RESOLVED, as an ordinary resolution, that the adjournment of the Shareholder Meeting to a later date or dates to be determined by the chairman of the Shareholder Meeting, if necessary, (i) to permit further solicitation and vote of proxies if, based upon the tabulated vote at the time of the Shareholder Meeting, there are insufficient Class A ordinary shares, par value $0.0001 per share (the “Public Shares”) and Class B ordinary shares, par value $0.0001 per share in the capital of Infinite represented (either in person or by proxy) to approve the Extension Amendment Proposal, the Class B Share Proposal or the Redemption Limitation Amendment Proposal, or (ii) to constitute a quorum necessary to conduct business to vote on the Extension Amendment Proposal, the Class B Share Proposal or the Redemption Limitation Amendment Proposal at the Shareholder Meeting be confirmed, adopted, approved and ratified in all respects.”
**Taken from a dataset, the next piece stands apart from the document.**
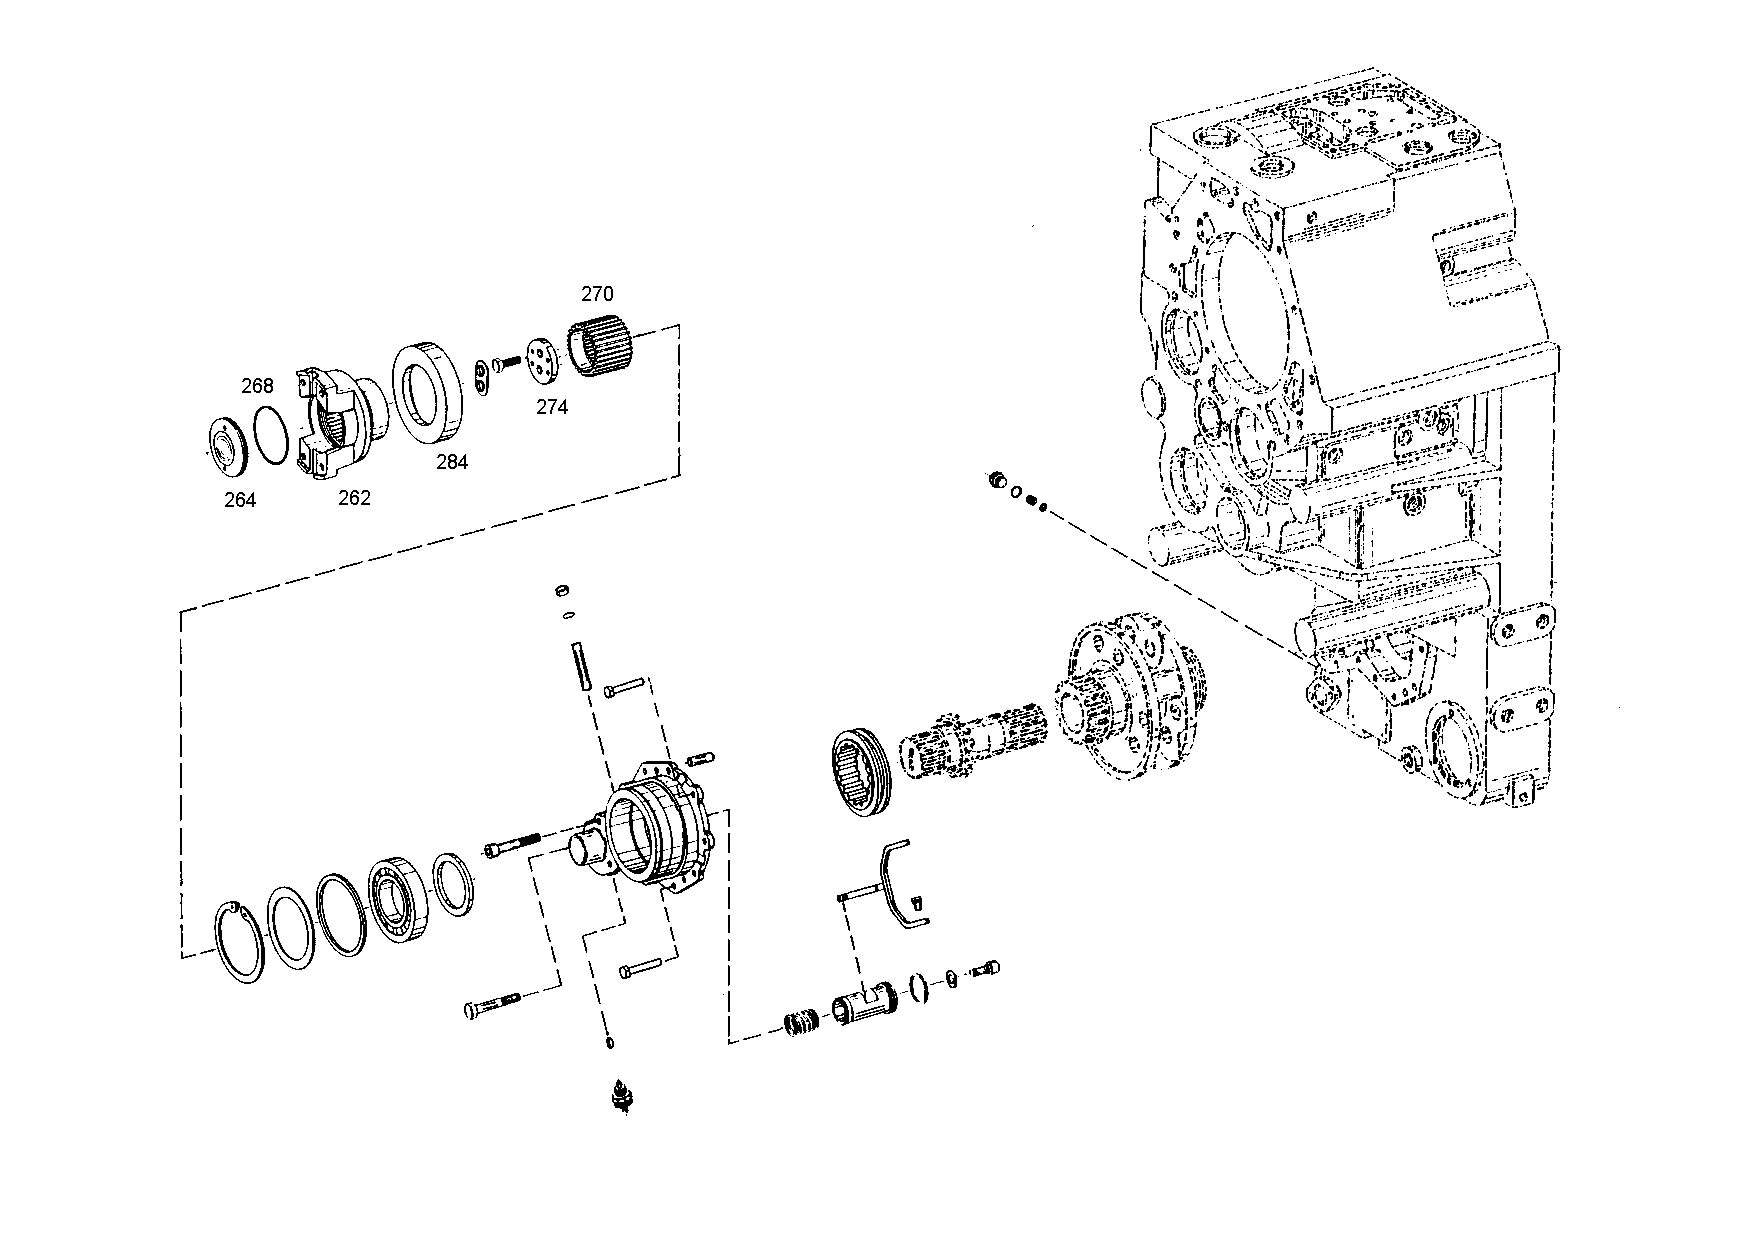 drawing for SCHOPF MASCHINENBAU GMBH 115221 - O-RING (figure 4)

In an Indefinite Adjournment Scenario:

RESOLVED, as an ordinary resolution, that the adjournment of the Shareholder Meeting sine die, (i) if the holders of Public Shares have elected to redeem an amount of shares in connection with the Articles Extension, the Class B Share Proposal or the Redemption Limitation Amendment Proposal such that Infinite would not meet the continued listing requirements of the New York Stock Exchange, or (ii) where the chairman of the Shareholder Meeting has determined it is otherwise necessary or advisable be confirmed, adopted, approved and ratified in all respects.”
 
 
 
Dated:                  2023
 
 
 
 
 
(Signature)
 
 
 
 
 
(Signature if held Jointly)
 
Signature should agree with name printed hereon. If shares are held in the name of more than one person, EACH joint owner should sign. Executors, administrators, trustees, guardians, and attorneys should indicate the capacity in which they sign. Attorneys should submit powers of attorney. In the case of a shareholder that is not a natural person, this proxy must be executed by a duly authorized officer or attorney of such entity.
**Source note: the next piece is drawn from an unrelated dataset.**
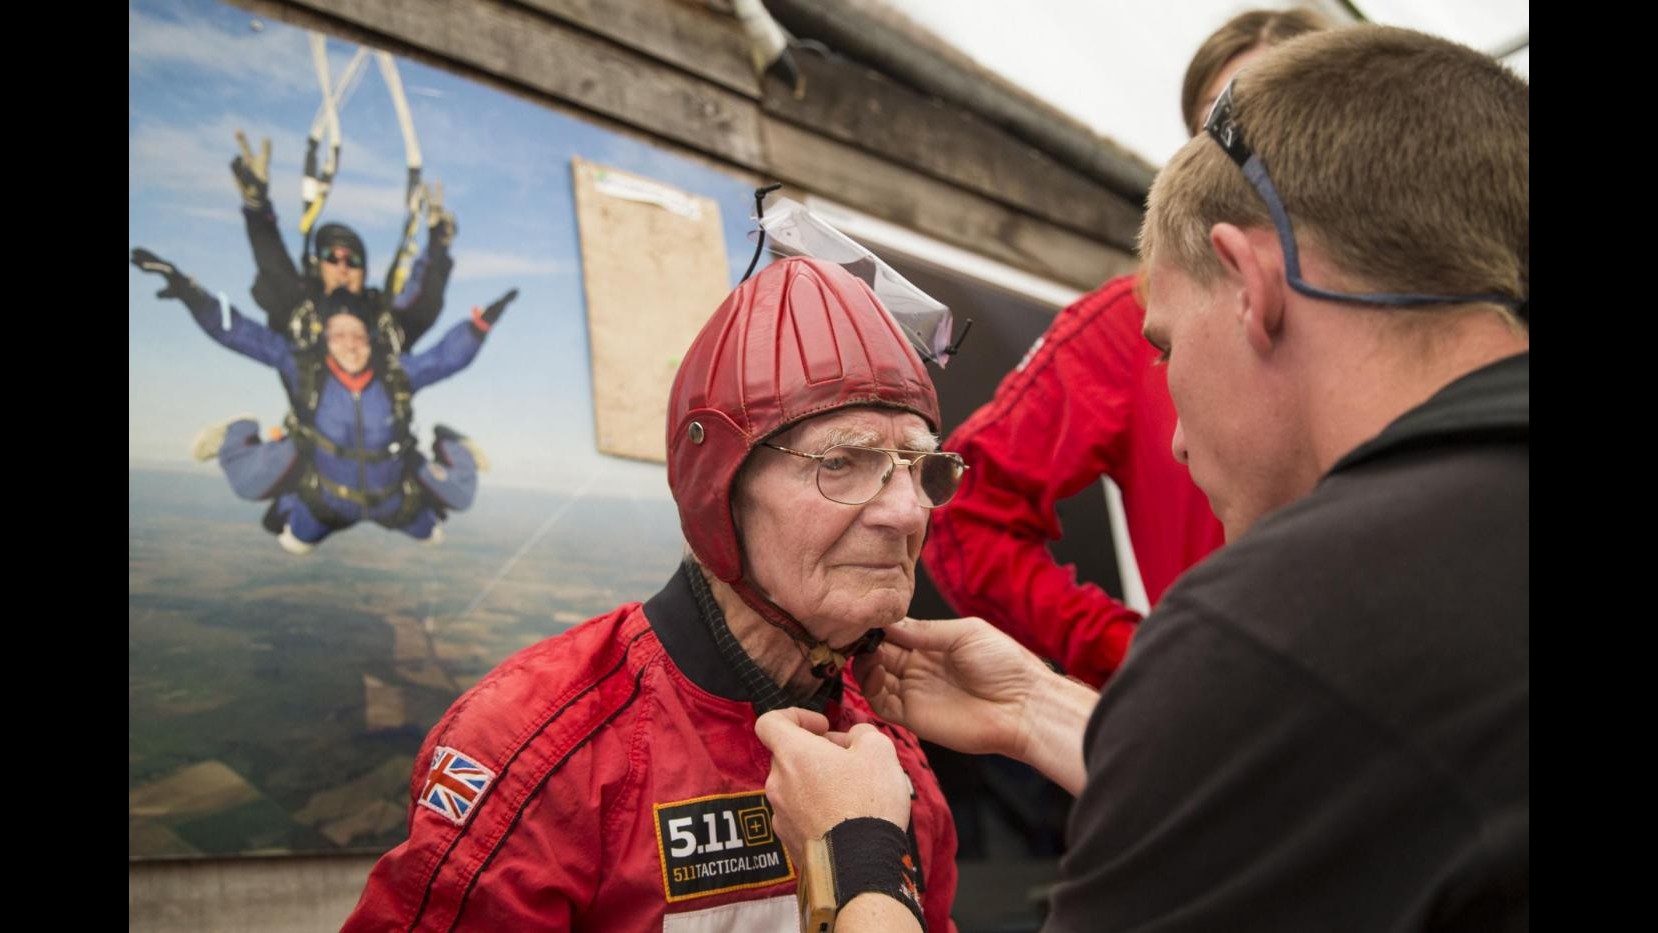 FOTO Veterani del D-Day si lanciano con paracadute a 90 anni

PLEASE SIGN, DATE AND RETURN THE PROXY IN THE ENVELOPE ENCLOSED TO CONTINENTAL STOCK TRANSFER & TRUST COMPANY. THIS PROXY WILL BE VOTED IN THE MANNER DIRECTED HEREIN BY THE UNDERSIGNED SHAREHOLDER. IF NO DIRECTION IS MADE, THIS PROXY WILL BE VOTED “FOR” PROPOSALS 1, 2, 3 AND 4 AND WILL GRANT DISCRETIONARY AUTHORITY TO VOTE UPON SUCH OTHER MATTERS AS MAY PROPERLY COME BEFORE THE MEETING OR ANY ADJOURNMENTS THEREOF. THIS PROXY WILL REVOKE ALL PRIOR PROXIES SIGNED BY YOU.